Here's a typescript function based on the above answers.

export function getRotatedEllipseBounds(
  x: number,
  y: number,
  rx: number,
  ry: number,
  rotation: number
) {
  const c = Math.cos(rotation)
  const s = Math.sin(rotation)
  const w = Math.hypot(rx * c, ry * s)
  const h = Math.hypot(rx * s, ry * c)

  return {
    minX: x + rx - w,
    minY: y + ry - h,
    maxX: x + rx + w,
    maxY: y + ry + h,
    width: w * 2,
    height: h * 2,
  }
}

Here is another version of Pranay Soni's code, implemented in js codepen I hope someone will find it useful

/**
* @param {Number} rotation
* @param {Number} majorAxis
* @param {Nmber} minorAxis
* @pivot {Point} pivot {x: number, y: number}
* @returns {Object}
*/
export function getElipseBoundingLines(ratation, majorAxis, minorAxis, pivot) {
   const {cos, sin, tan, atan, round, min, max, PI} = Math;

   let phi = rotation / 180 * PI;

   if(phi === 0) phi = 0.00001;
   // major axis
   let a = majorAxis;
   //minor axis
   let b = minorAxis;

   const getX = (pivot, phi, t)  => {
      return round(pivot.x + a * cos(t) * cos(phi) - b * sin(t) * sin(phi))
   }
   const getY = (pivot, phi, t)  => {
      return round(pivot.y + b * sin(t) * cos(phi) + a * cos(t) * sin(phi))
   }

   const X = [], Y = [];

   let t = atan(-b * tan(phi) / a);
   X.push(getX(pivot, phi, t));
   Y.push(getY(pivot, phi, t));

   t = atan(b * (1 / tan(phi) / a));
   X.push(getX(pivot, phi, t));
   Y.push(getY(pivot, phi, t));

   phi += PI;

   t = atan(-b * tan(phi) / a);
   X.push(getX(pivot, phi, t));
   Y.push(getY(pivot, phi, t));

   t = atan(b * (1 / tan(phi)) / a);
   X.push(getX(pivot, phi, t));
   Y.push(getY(pivot, phi, t));

   const left    = min(...X);
   const right   = max(...X);
   const top     = min(...Y);
   const bottom  = max(...Y);

   return {left, top, right, bottom};
}

The general method is to find the zeroes of the derivative of the parametric form of the ellipse along X and Y axes. The position of those zeroes give the edge points along vertical and horizontal directions (derivative is zero).

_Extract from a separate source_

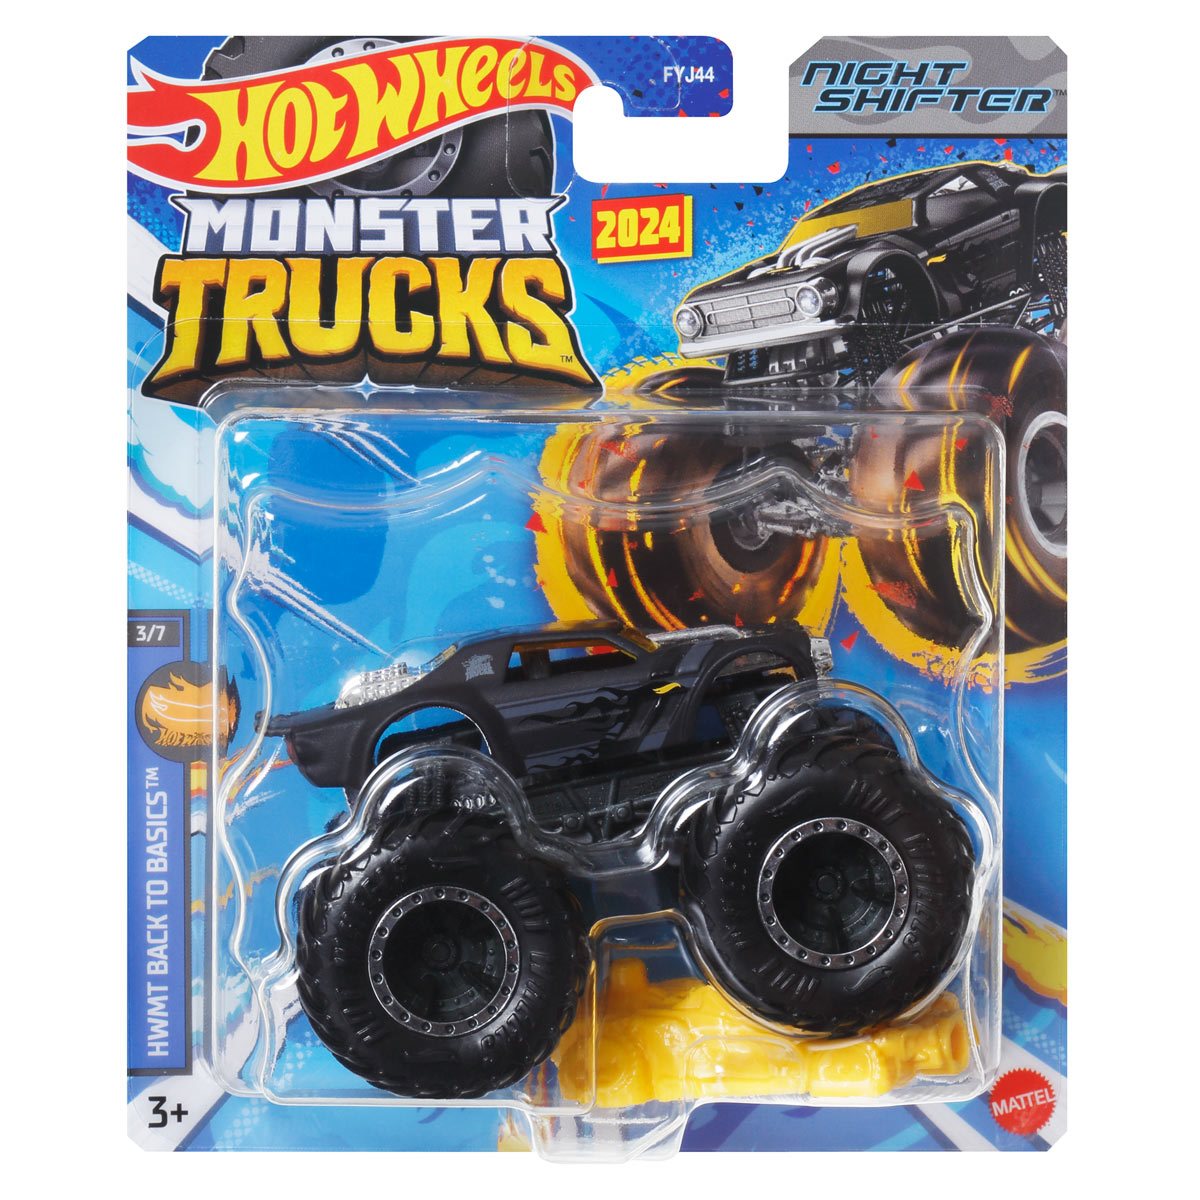 Mattel-Hot Wheels Monster Trucks - 2024-HTM40-Night Shifter-Legacy Toys
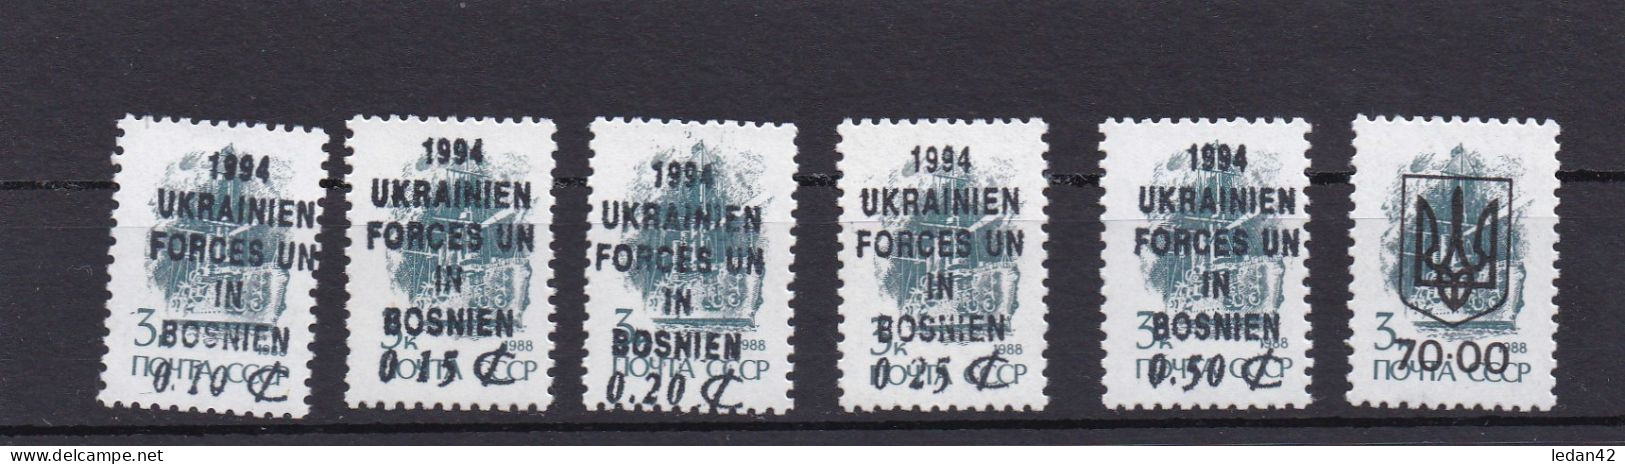 Ukraine 1994, Corps D'interposition U N En Bosnie ** - Ucraina

// compute point on ellipse from angle around ellipse (theta)
function arc(theta, cx, cy, rx, ry, alpha)
{
    // theta is angle in radians around arc
    // alpha is angle of rotation of ellipse in radians
    var cos = Math.cos(alpha), sin = Math.sin(alpha),
      x = rx*Math.cos(theta), y = ry*Math.sin(theta);
    return {
        x: cx + cos*x - sin*y,
        y: cy + sin*x + cos*y
    };
}

function bb_ellipse(cx, cy, rx, ry, alpha)
{
    var tan = Math.tan(alpha),
        p1, p2, p3, p4, theta,
        xmin, ymin, xmax, ymax
    ;
    // find min/max from zeroes of directional derivative along x and y
    // along x axis
    theta = Math.atan2(-ry*tan, rx);
    // get point for this theta
    p1 = arc(theta, cx, cy, rx, ry, alpha);
    // get anti-symmetric point
    p2 = arc(theta + Math.PI, cx, cy, rx, ry, alpha);
    // along y axis
    theta = Math.atan2(ry, rx*tan);
    // get point for this theta
    p3 = arc(theta, cx, cy, rx, ry, alpha);
    // get anti-symmetric point
    p4 = arc(theta + Math.PI, cx, cy, rx, ry, alpha);
    // compute min/max values
    ymin = Math.min(p3.y, p4.y)
    xmin = Math.min(p1.x, p2.x);
    ymax = Math.max(p3.y, p4.y);
    xmax = Math.max(p1.x, p2.x);
    // return bounding box vertices
    return [
    {x: xmin, y: ymin},
    {x: xmax, y: ymin},
    {x: xmax, y: ymax},
    {x: xmin, y: ymax}
    ];
}
var cx = 120, cy = 120, rx = 100, ry = 40, alpha = -45;
function ellipse(cx, cy, rx, ry, alpha)
{
   // create an ellipse
   const ellipse = document.createElementNS('http://www.w3.org/2000/svg', 'ellipse');
   ellipse.setAttribute('stroke', 'black');
   ellipse.setAttribute('fill', 'none');
   ellipse.setAttribute('cx', cx);
   ellipse.setAttribute('cy', cy);
   ellipse.setAttribute('rx', rx);
   ellipse.setAttribute('ry', ry);
   ellipse.setAttribute('transform', 'rotate('+alpha+' '+cx+' '+cy+')');
   document.getElementById('svg').appendChild(ellipse);
   
   // create the bounding box
   const bb = bb_ellipse(cx, cy, rx, ry, /*angle in radians*/ alpha*Math.PI/180);
   const polygon = document.createElementNS('http://www.w3.org/2000/svg', 'polygon');
   polygon.setAttribute('stroke', 'red');
   polygon.setAttribute('fill', 'none');
   polygon.setAttribute('points', bb.map(p => String(p.x) + ' ' + String(p.y)).join(' '));
   document.getElementById('svg').appendChild(polygon);
}

ellipse(cx, cy, rx, ry, alpha);

<svg xmlns="http://www.w3.org/2000/svg" id="svg" style="position:relative;width:240px;height:240px" viewBox="0 0 240 240"></svg>

You may be interested in my computational geometry library Geometrize (in JavaScript) which constructs and renders many 2D curves and shapes, along with bounding boxes, convex hulls and intersection points.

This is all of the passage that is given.